Hey all, the wife and I are looking to permenantly retire in Mexico and am looking at the Cabo San Jose area. Anyone know of any good locations in that area? I am looking at residency and need to be by good golfing while my wife really just wanted the pretty views. We are looking at spending in the low 250-300s but really want top dollar space.


----------



## RVGRINGO (May 16, 2007)

Welcome to the forum. We 'mainlanders' don't know much about coastal tourist towns, so I hope someone with some information on Cabo San José will come on board and answer your questions. That part of Mexico is a world away from us and very, very different.


----------



## BajaGringo (May 11, 2009)

Are you set on that area? Baja is a very long and diverse peninsula with lots of options. There are some places where that amount of money won't buy you much but others where you can have an ocean front palace. Don't just base your retirement home purchase on a vacation trip. That part of Baja gets very, very hot in the summertime and I have met many here on the peninsula who bought there in late Fall/Winter/early Spring, thinking it was the greatest place on the planet.

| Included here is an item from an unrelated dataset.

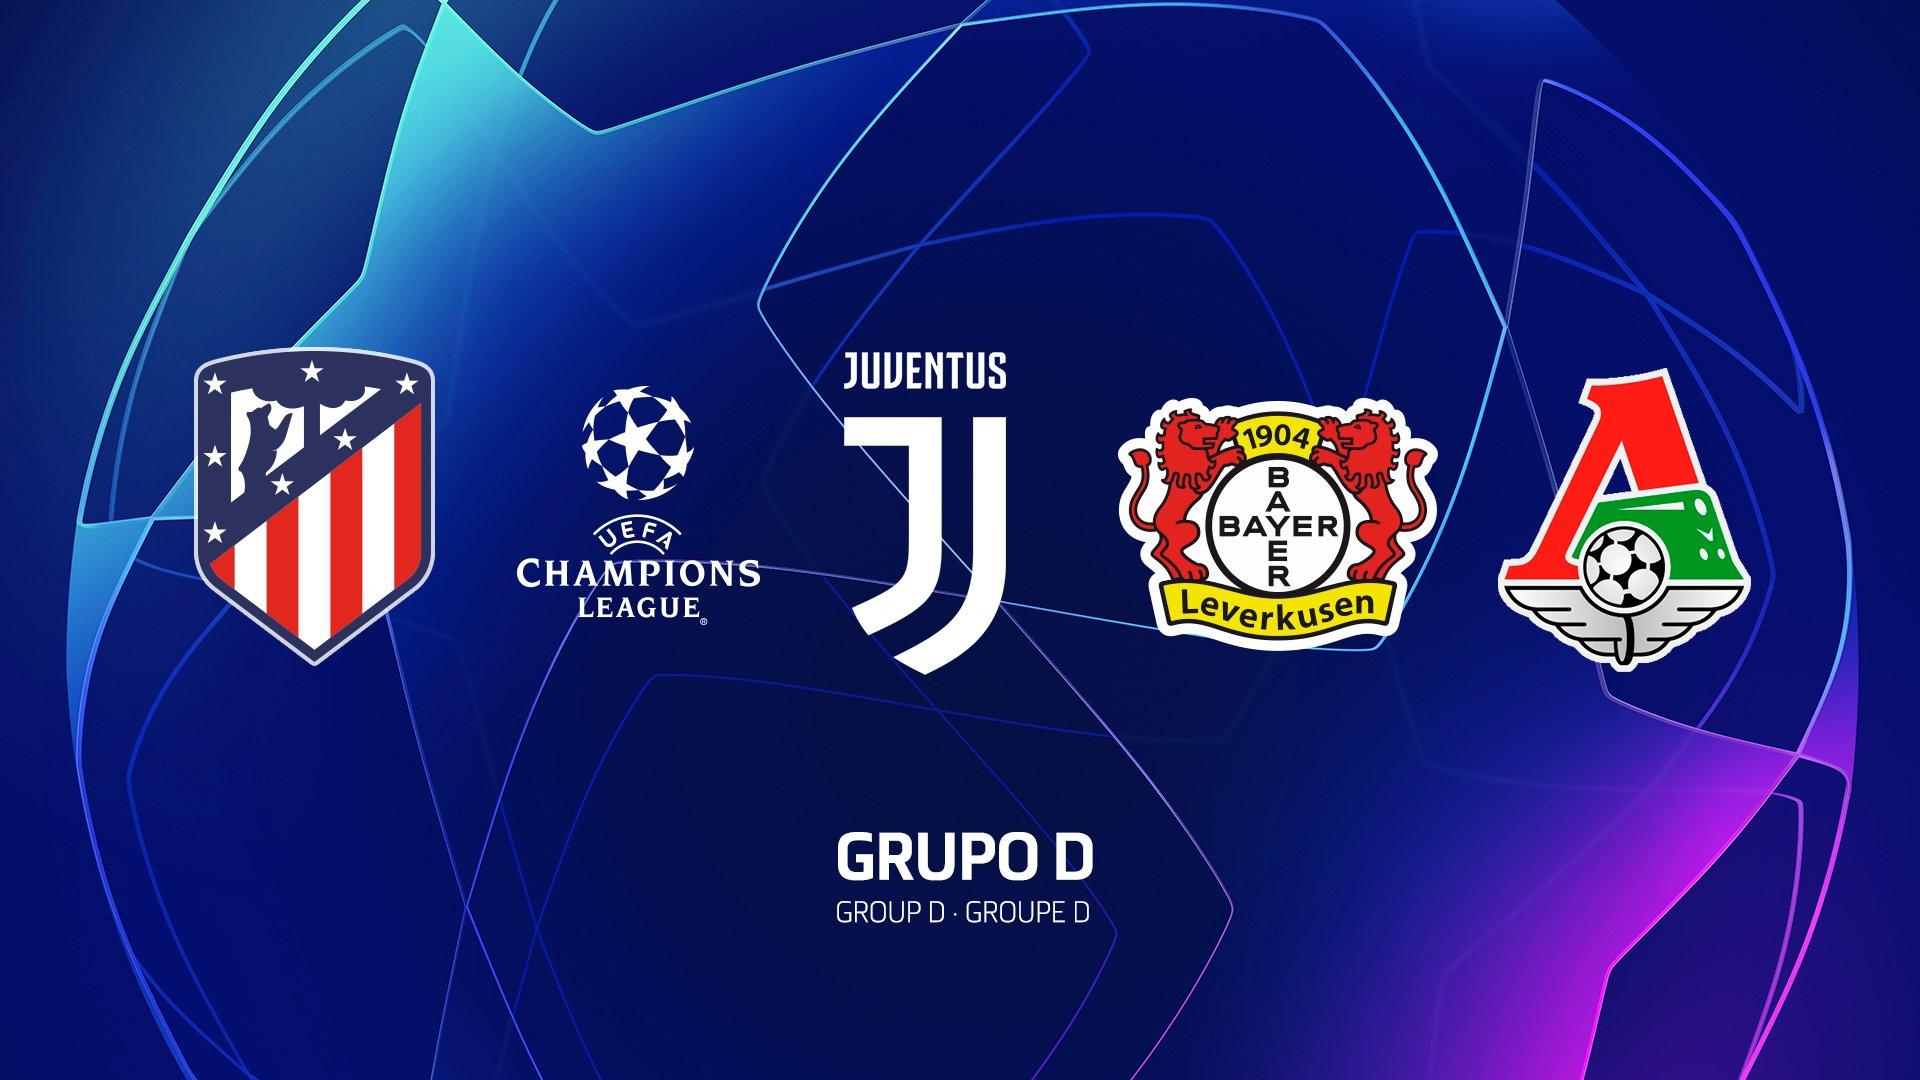 Champions League 2019/20 | Group D EDJyZNaWwAEJuZE
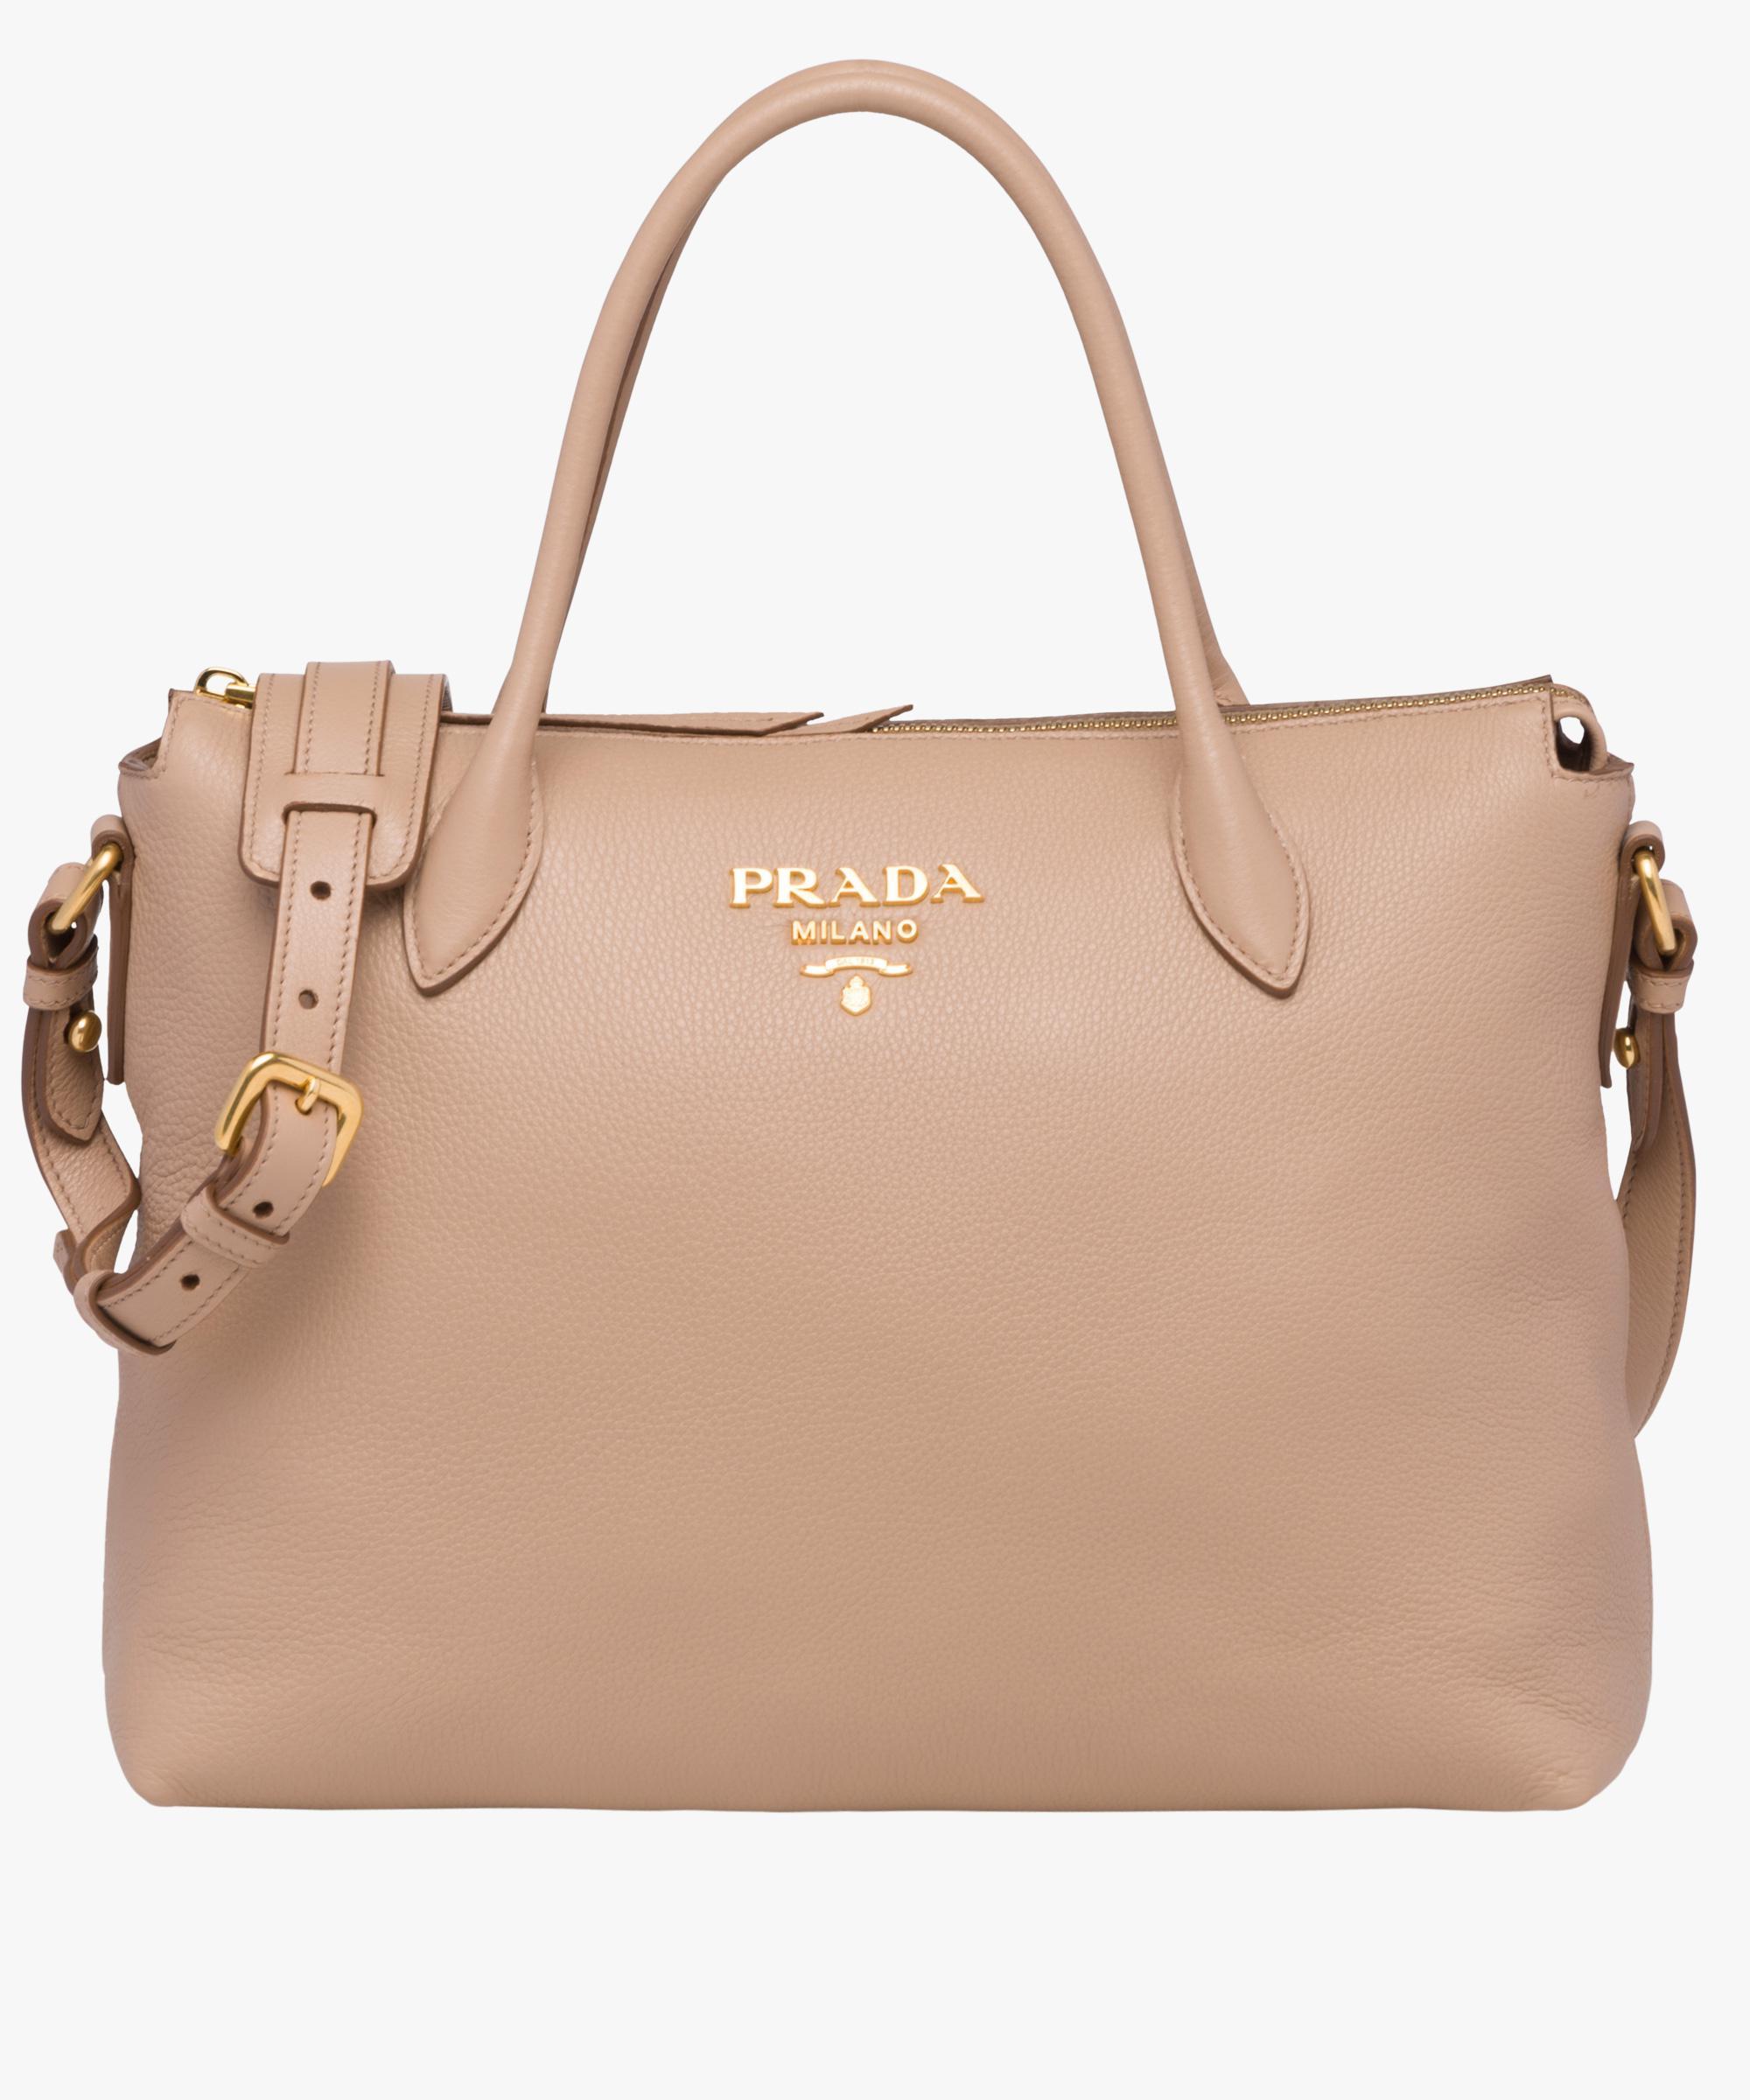 f0457a74b062 ... italy lyst prada calf leather bag in natural 2b9ab 07f46

That is, until summer arrived... 

Maybe that works for you but I suggest you rent a vacation home there this summer; at least for a month and better if for two to three months. Then you can decide if it really is your dream location based on some real time living experience *BEFORE* you put any money down on a place you may have trouble selling later if you have regrets.

Just my dos centavos

YMMV


----------



## RVGRINGO (May 16, 2007)

That is excellent advice. As much as I like Mazatlan, for example, I couldn't live there in the summer and fall months; even if I could afford to air condition an entire house. We've had folks from Lake Chapala move to the coasts and return after a couple of summers. Two couples came back this year and they have lived in Mexico for years and should have known better than to buy. Close friends bought, then sold on the coast, got fed up and returned to Oregon 'temporarily'. They bought there, remodeled too much, can't sell, want to come back to Lake Chapala but are trapped in Oregon now.


----------



## BajaGringo (May 11, 2009)

Today seems to be a time where renting makes more sense until one is absolutely sure that "here" is where you want to live for the next XX years. Those bargains out there aren't going away and there is a lot of evidence indicating that prices may even drop more this fall.


----------



## MexicoGolfer62 (May 27, 2009)

I just spent a few weeks in the are in Baja and it was amazing. (edited by moderator - possible promotional intent)


----------



## BajaGringo (May 11, 2009)

This is sounding more and more like a real estate pitch...


----------



## RVGRINGO (May 16, 2007)

It is also wandering off topic.


----------



## MexicoGolfer62 (May 27, 2009)

Sorry all wasn't trying to wander off topic.. really just trying to figure out all of my options.. will post new thread to duke it out between the building vs. renting vs. buying vs. resort lifestyle.. GAME ON! haha


----------